侍從比農夫自由,半獸人也不敢鞭打他們。在堆起篝火的間隙,一名侍從取出藏在身上的布袋,里面裝著烤熟的大麥,麥殼帶著焦灰。
“哪來的”一同干活的侍從抓過麥粒,也不搓掉麥殼,直接送進嘴里。嚼了兩下就囫圇咽下去,根本不在乎劃傷嗓子。

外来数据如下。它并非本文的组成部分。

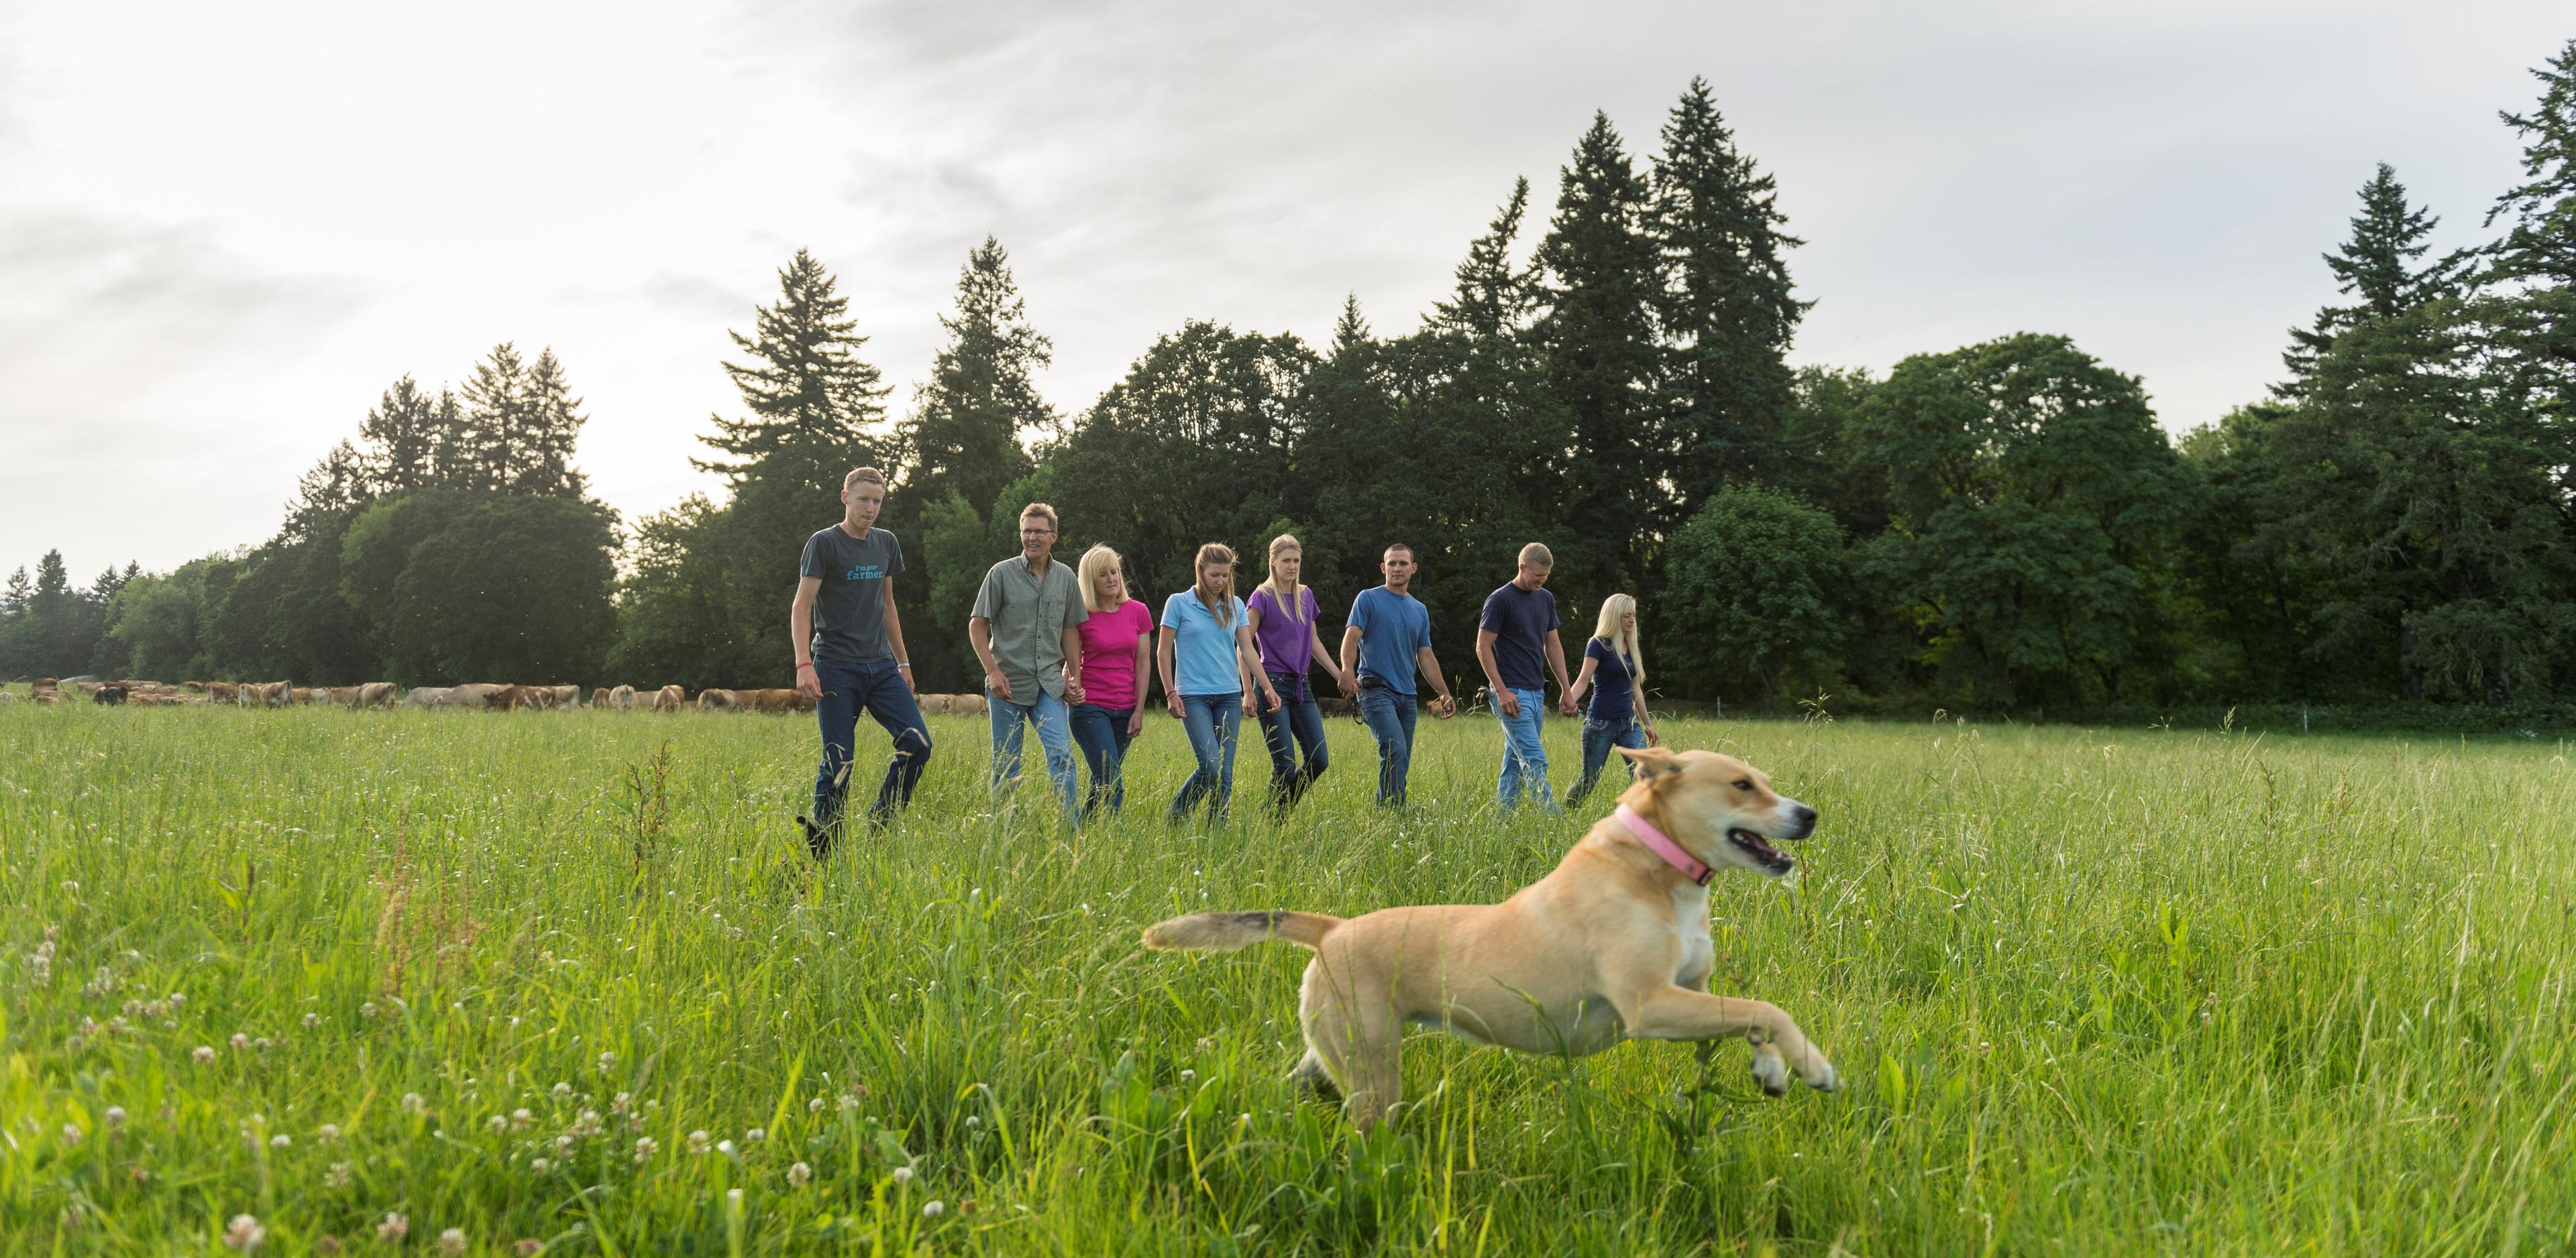 A dog leads the way as the Bansen family walks in the pasture.

“村子里。”私藏大麥的侍從左右看看,確定沒被發現,迅速抓起一把麥粒塞進嘴里,咬得咯吱做響。
村子里
兩旁的侍從動作微頓,很快又變得若無其事。村口的絞刑架會讓他們做惡夢,但也僅此而已。他們沒時間憐憫別人,更不會對偷走村人的糧食產生負罪感。
長期生活在主城,籠罩在恐怖的高壓下,他們大多心理扭曲,憐憫和同情不復存在,反而樂于看到別人命運凄慘。
“快干活”
半獸人的聲音傳來,侍從們迅速散開,掌心用力擦在身上,抹去所有吃過東西的痕跡。
最大的帳篷里,刺槐領主脫下斗篷,斜靠在卷起的毯子上。
僅著紗裙的半水妖在舞動飛旋,柔軟的腰肢不盈一握,雪白的赤足踏在地上,手腕和腳踝纏繞數圈銀鈴,是精美裝飾品,也像是困住她的鎖鏈。

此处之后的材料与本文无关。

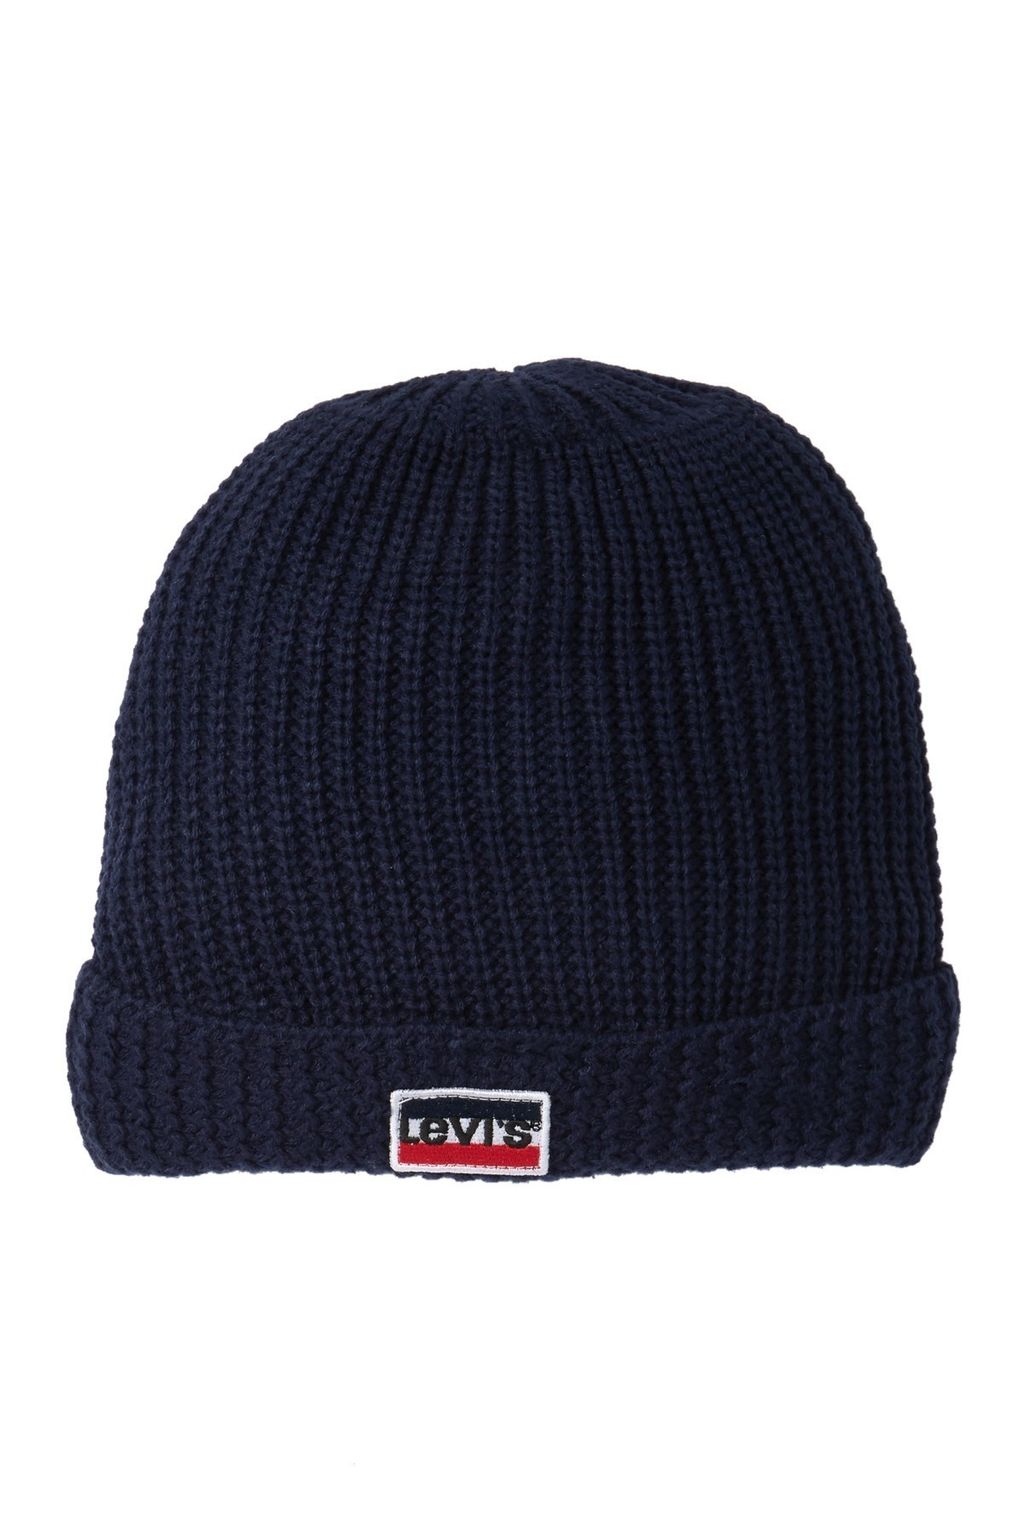 levis Textured Cuff Faux Fur Lined Beanie 1

嫵媚的雙眼滿含柔情,輕紗飛揚,脖頸上的寶石浮現彩光。
紅唇似血,掀起飽滿誘人的弧度,足以令人瘋狂。
鈴音清脆悅耳,隨著女人的旋轉,聲音逐漸急促,頻率變得詭異。刺槐領主毫無覺察。他著迷地盯著半水妖,舉起酒杯一飲而盡,目光中充滿迷戀。
巫師住在隔壁的帳篷里。
帳篷里沒火把,也沒有點燃油燈。
帳簾落下,高瘦的男人坐在黑暗中,一只又一只灰色的蛾子從他袖中飛出。
灰蛾在帳中盤旋,翅膀拍打出輕音,一如半水妖在鈴音中飛舞。
每只灰蛾背部都長有獨特花紋,細看會發現,那是一張張扭曲的人臉,猙獰恐怖,充滿怨恨。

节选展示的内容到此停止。